For our purpose here, I will refer to the neurons in Hidden Layer L2 as N_{1}, N_{2}, N_{3}, N_{4}, N_{5} and N_{6}, N_{7}, N_{8} in the Hidden Layer L3, respectively in the linear order of their occurrence. In a classification problem, the output layer can either have one node or can have nodes equivalent to the number of the classes or the categories.
This network here is called Fully Connected Network (FNN) or Dense Network since every neuron has a connection with the node of the previous layer output.

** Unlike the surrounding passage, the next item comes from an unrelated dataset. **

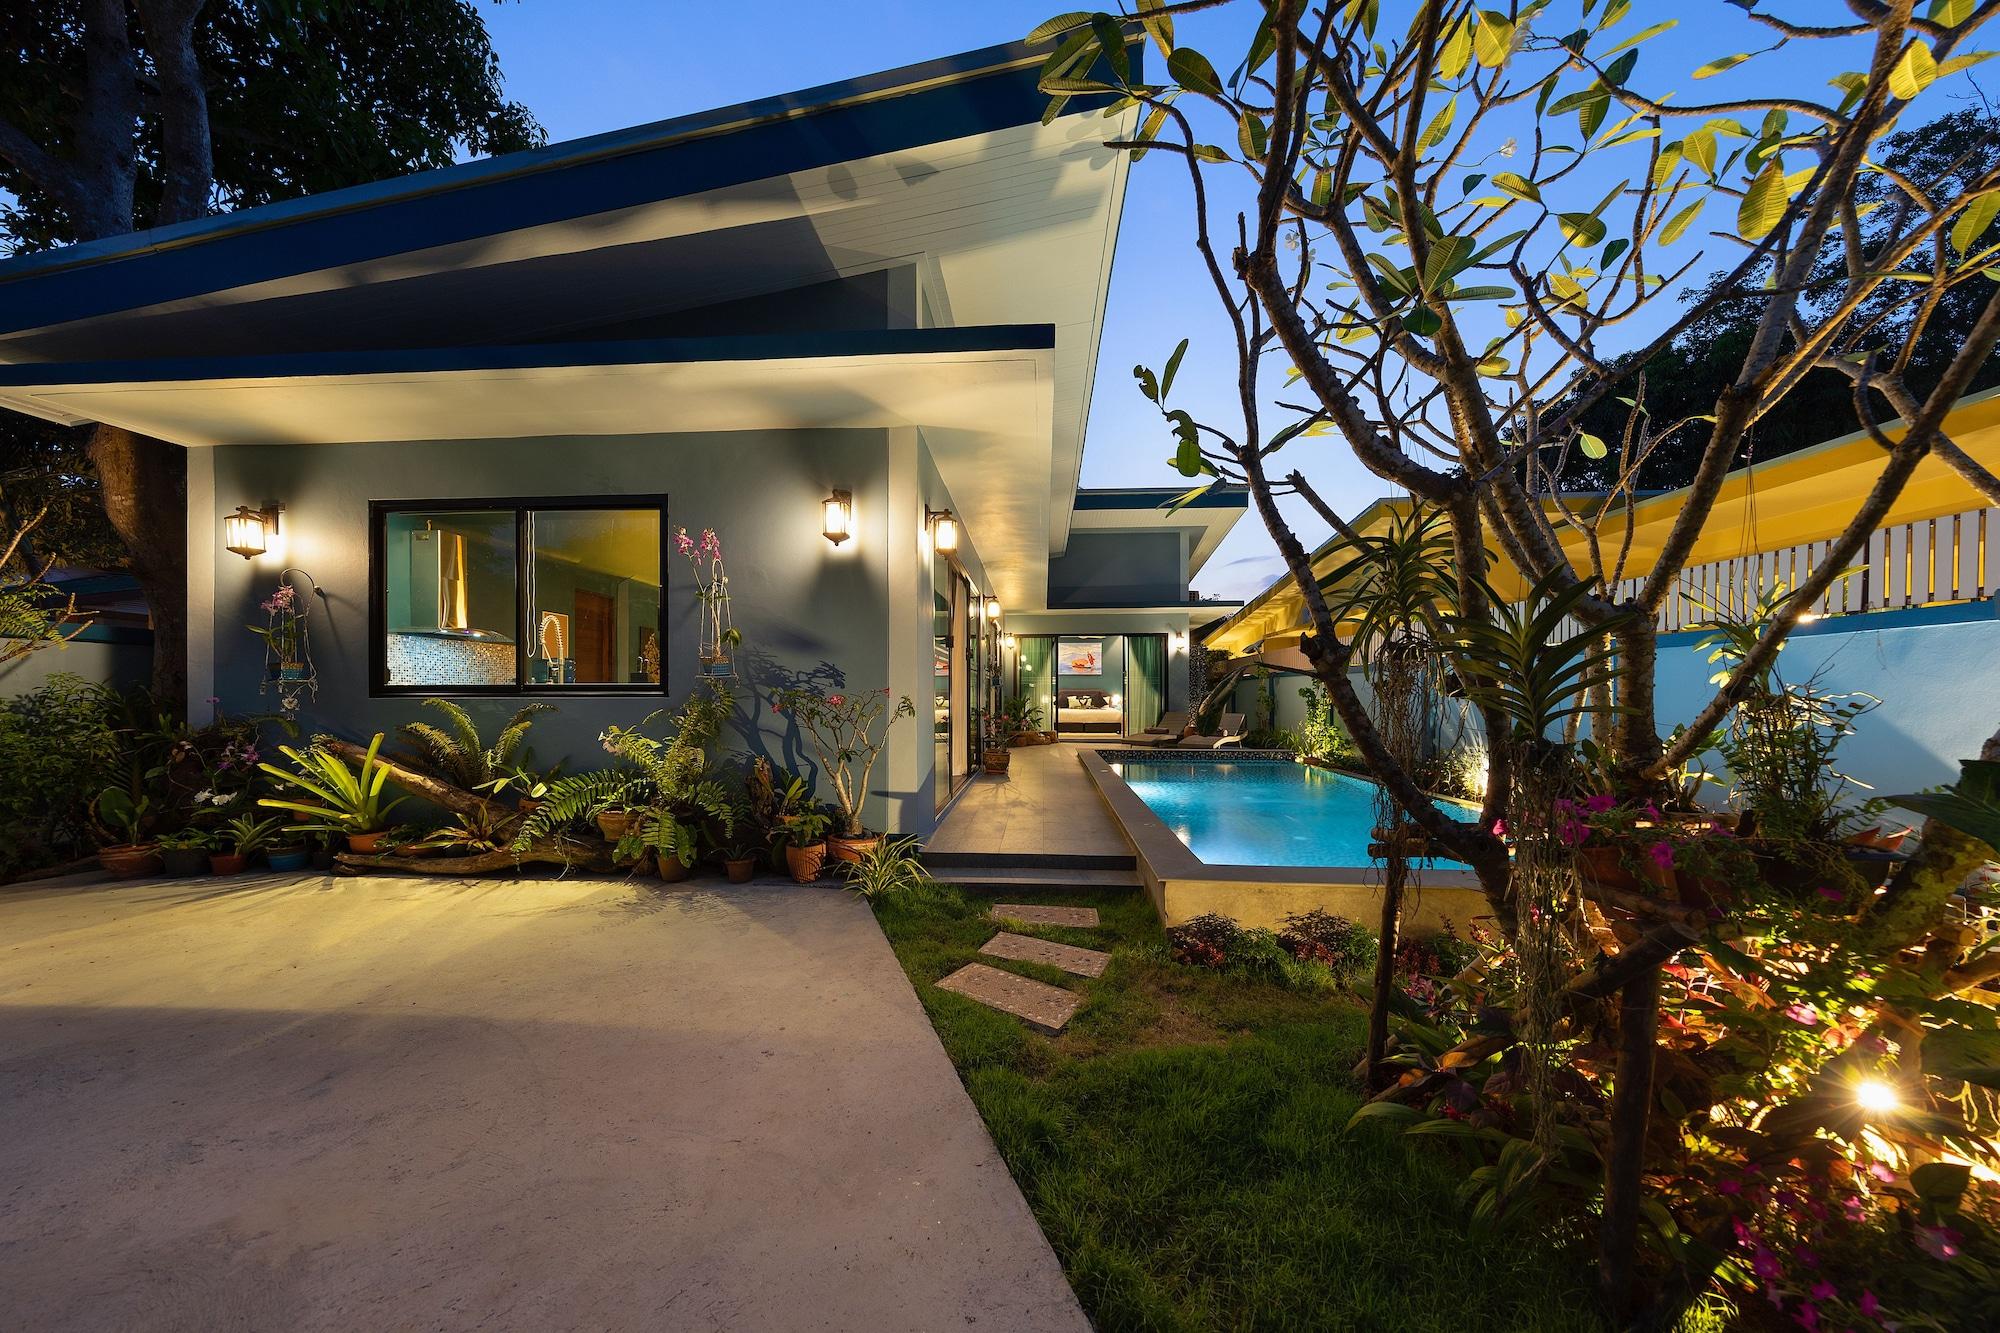 3-Bedroom Villa Baan Kluay Mai with Private Pool, Ko Samui

It is also known as the Feedforward Neural Network or Sequential Neural Network.
Source: researchgate.net
The equation for the neural network is a linear combination of the independent variables and their respective weights and bias (or the intercept) term for each neuron. The neural network equation looks like this:
Z = Bias + W_{1}X_{1} + W_{2}X_{2} + …+ W_{n}X_{n}
where,
 Z is the symbol for denotation of the above graphical representation of ANN.
 Wis, are the weights or the beta coefficients
 Xis, are the independent variables or the inputs, and
 Bias or intercept = W_{0}
There are three steps to perform in any neural network:

We take the input variables and the above linear combination equation of Z = W_{0} + W_{1}X_{1} + W_{2}X_{2} + …+ W_{n}X_{n} to compute the output or the predicted Y values, called the Y_{pred}.

Calculate the loss or the error term. The error term is the deviation of the actual values from the predicted values.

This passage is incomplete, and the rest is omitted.